Yes, but specific implementation aren't.

>This comment thread is on the software for a chip

I was replying specifically about IP. And the context of Apple not using IMG's IP. Which was "never" the case. As pointed out by IMG’s CEO in 2019 before the 2020 IP renewal.


> Yes, but specific implementation aren't.

You can make a new implementations of TBDR renderers without paying anyone.

> I was replying specifically about IP. And the context of Apple not using IMG's IP. Which was "never" the case. As pointed out by IMG’s CEO in 2019 before the 2020 IP renewal.

The point is that the patents (ie. the IP that would matter in this case) have expired for TBDR, despite your claim "We are argue whether Apple needs to pay for Tile based deferred rendering ( You can search the term mentioned on Apple's Dev Reference document ) to IMG, since relevant IP could be obtained with ARM. ( Arguably with cross patent argument with IMG, but anyway let's ignore that )." No cross patent agreements are necessary.

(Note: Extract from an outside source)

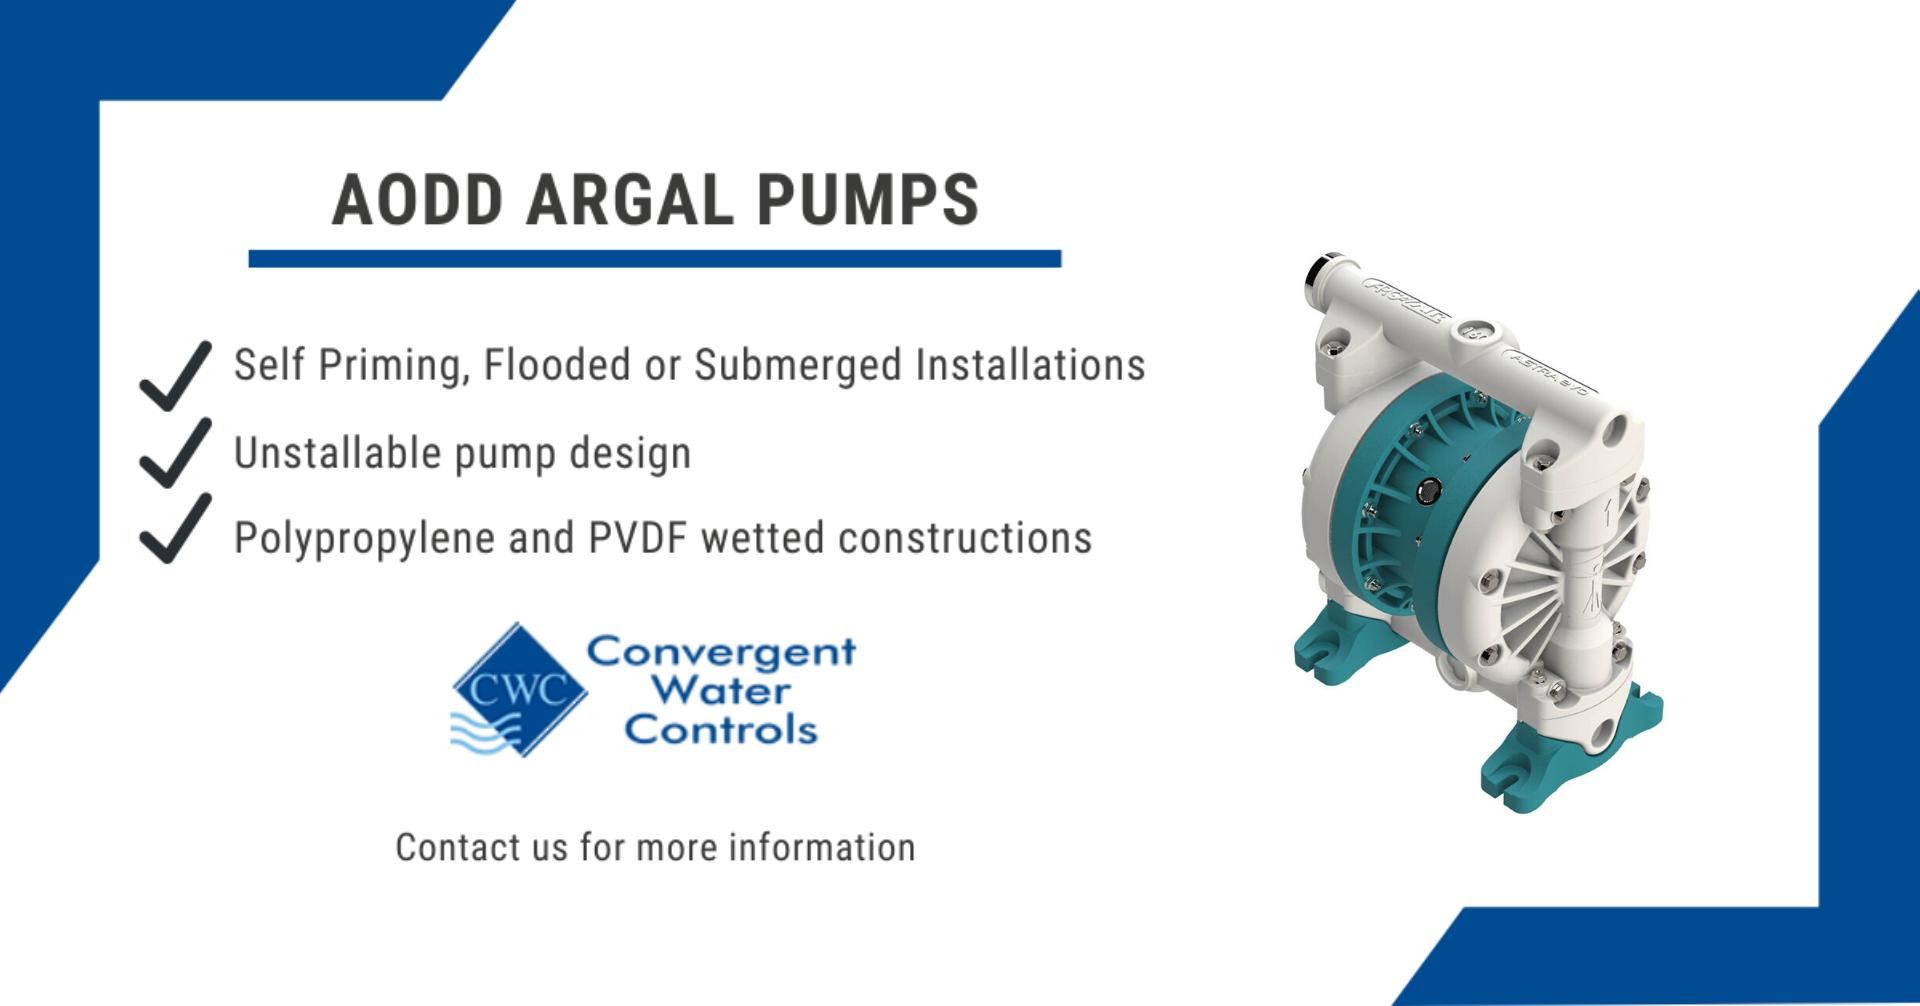 AODD Argal Pumps - Contact us for more information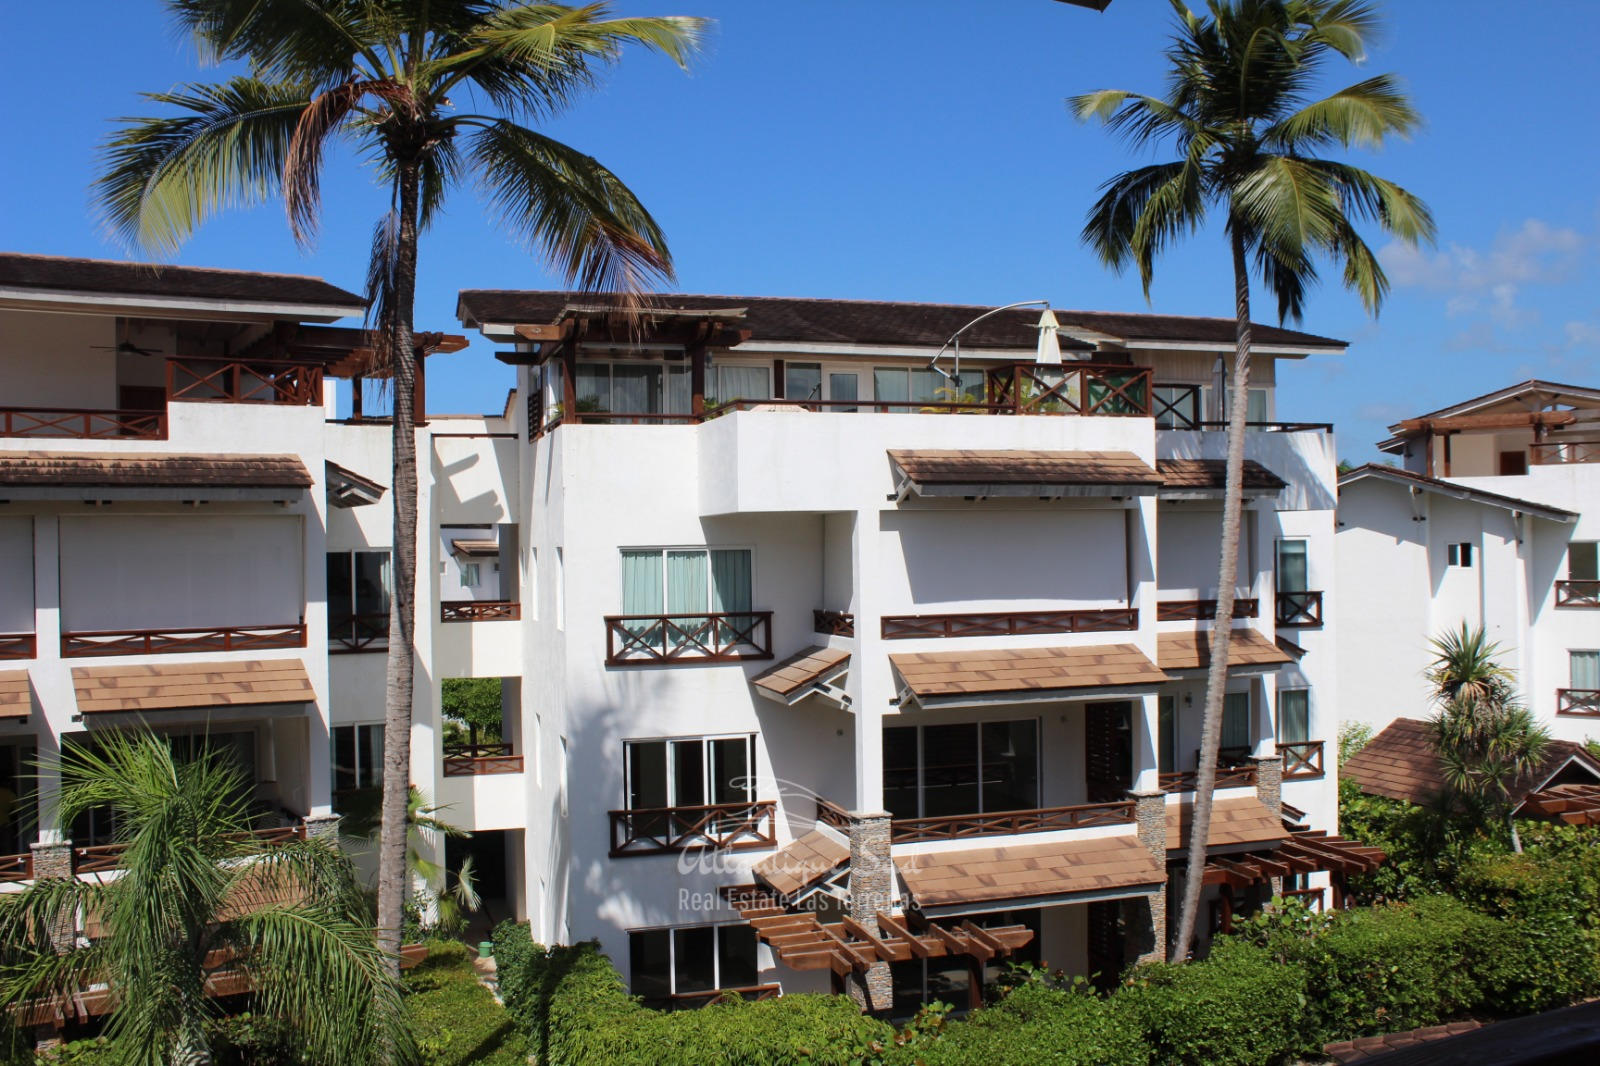 Apartments near the beach real estate las terrenas dominican republic 31 (7).jpg

There was some recent 'reverse engineering' of the recent Apple products, mentioned on the web a few months back, particularly how they do SIMD branching/divergence. It sounded remarkably familiar to the PVR SGX/Rogue approach.


Hum, thanks for the headsup, it was my understanding that the Apple "GPU" compute part was mostly built in-house, and that only the fixed-function part were from Imagination at some point, then dropped. I didn't know they were still using it. Would you have more details ?


I think you have all of this right. Parts of IMG IP Apple still uses is the TBDR stuff, compression and some other fixed-function things. It is unclear how much of it Apple has modified. The actual compute and scheduling engine is Apple's own.


Imagination and Apple signed some kind of new agreement in 2020 but what that exactly was I am not sure if the details are officially avail able.

https://www.imaginationtech.com/news/imagination-and-apple-s...


It's unclear whether they use hardware blocks or just patent licenses. IMHO a texture format support is not a big enough signal.